----- SOURCE MATERIAL -----
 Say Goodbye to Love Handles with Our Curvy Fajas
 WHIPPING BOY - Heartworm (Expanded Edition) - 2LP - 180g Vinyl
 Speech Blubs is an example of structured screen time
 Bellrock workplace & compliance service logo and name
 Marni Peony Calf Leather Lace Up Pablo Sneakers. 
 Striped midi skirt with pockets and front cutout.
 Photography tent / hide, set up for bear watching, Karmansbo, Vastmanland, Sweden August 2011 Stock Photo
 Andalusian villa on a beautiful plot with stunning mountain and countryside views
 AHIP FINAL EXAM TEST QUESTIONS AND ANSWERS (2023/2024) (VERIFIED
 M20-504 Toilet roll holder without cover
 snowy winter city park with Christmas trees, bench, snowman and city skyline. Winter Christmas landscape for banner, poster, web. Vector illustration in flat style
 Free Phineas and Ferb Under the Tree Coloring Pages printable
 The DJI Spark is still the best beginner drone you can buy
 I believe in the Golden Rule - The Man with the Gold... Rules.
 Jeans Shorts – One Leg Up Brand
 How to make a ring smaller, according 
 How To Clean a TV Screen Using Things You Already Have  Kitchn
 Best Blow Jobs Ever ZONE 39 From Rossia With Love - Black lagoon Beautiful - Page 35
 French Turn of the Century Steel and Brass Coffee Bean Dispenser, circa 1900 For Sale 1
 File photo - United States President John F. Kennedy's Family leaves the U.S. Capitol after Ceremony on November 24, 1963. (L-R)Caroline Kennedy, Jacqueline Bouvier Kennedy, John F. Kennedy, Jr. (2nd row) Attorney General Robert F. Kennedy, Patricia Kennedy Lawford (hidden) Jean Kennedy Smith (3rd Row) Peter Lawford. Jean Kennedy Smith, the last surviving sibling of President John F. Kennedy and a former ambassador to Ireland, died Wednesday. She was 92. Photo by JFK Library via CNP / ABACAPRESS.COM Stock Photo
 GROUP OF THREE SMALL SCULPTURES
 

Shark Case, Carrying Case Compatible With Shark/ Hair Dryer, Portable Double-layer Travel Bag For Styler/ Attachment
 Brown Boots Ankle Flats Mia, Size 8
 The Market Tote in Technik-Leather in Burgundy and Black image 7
-----
= WORK ORDER =
Restate verbatim the first line above and all lines after it through the line containing "The DJI Spark"; omit the rest.

= EXPECTED ANSWER =
 Say Goodbye to Love Handles with Our Curvy Fajas
 WHIPPING BOY - Heartworm (Expanded Edition) - 2LP - 180g Vinyl
 Speech Blubs is an example of structured screen time
 Bellrock workplace & compliance service logo and name
 Marni Peony Calf Leather Lace Up Pablo Sneakers. 
 Striped midi skirt with pockets and front cutout.
 Photography tent / hide, set up for bear watching, Karmansbo, Vastmanland, Sweden August 2011 Stock Photo
 Andalusian villa on a beautiful plot with stunning mountain and countryside views
 AHIP FINAL EXAM TEST QUESTIONS AND ANSWERS (2023/2024) (VERIFIED
 M20-504 Toilet roll holder without cover
 snowy winter city park with Christmas trees, bench, snowman and city skyline. Winter Christmas landscape for banner, poster, web. Vector illustration in flat style
 Free Phineas and Ferb Under the Tree Coloring Pages printable
 The DJI Spark is still the best beginner drone you can buy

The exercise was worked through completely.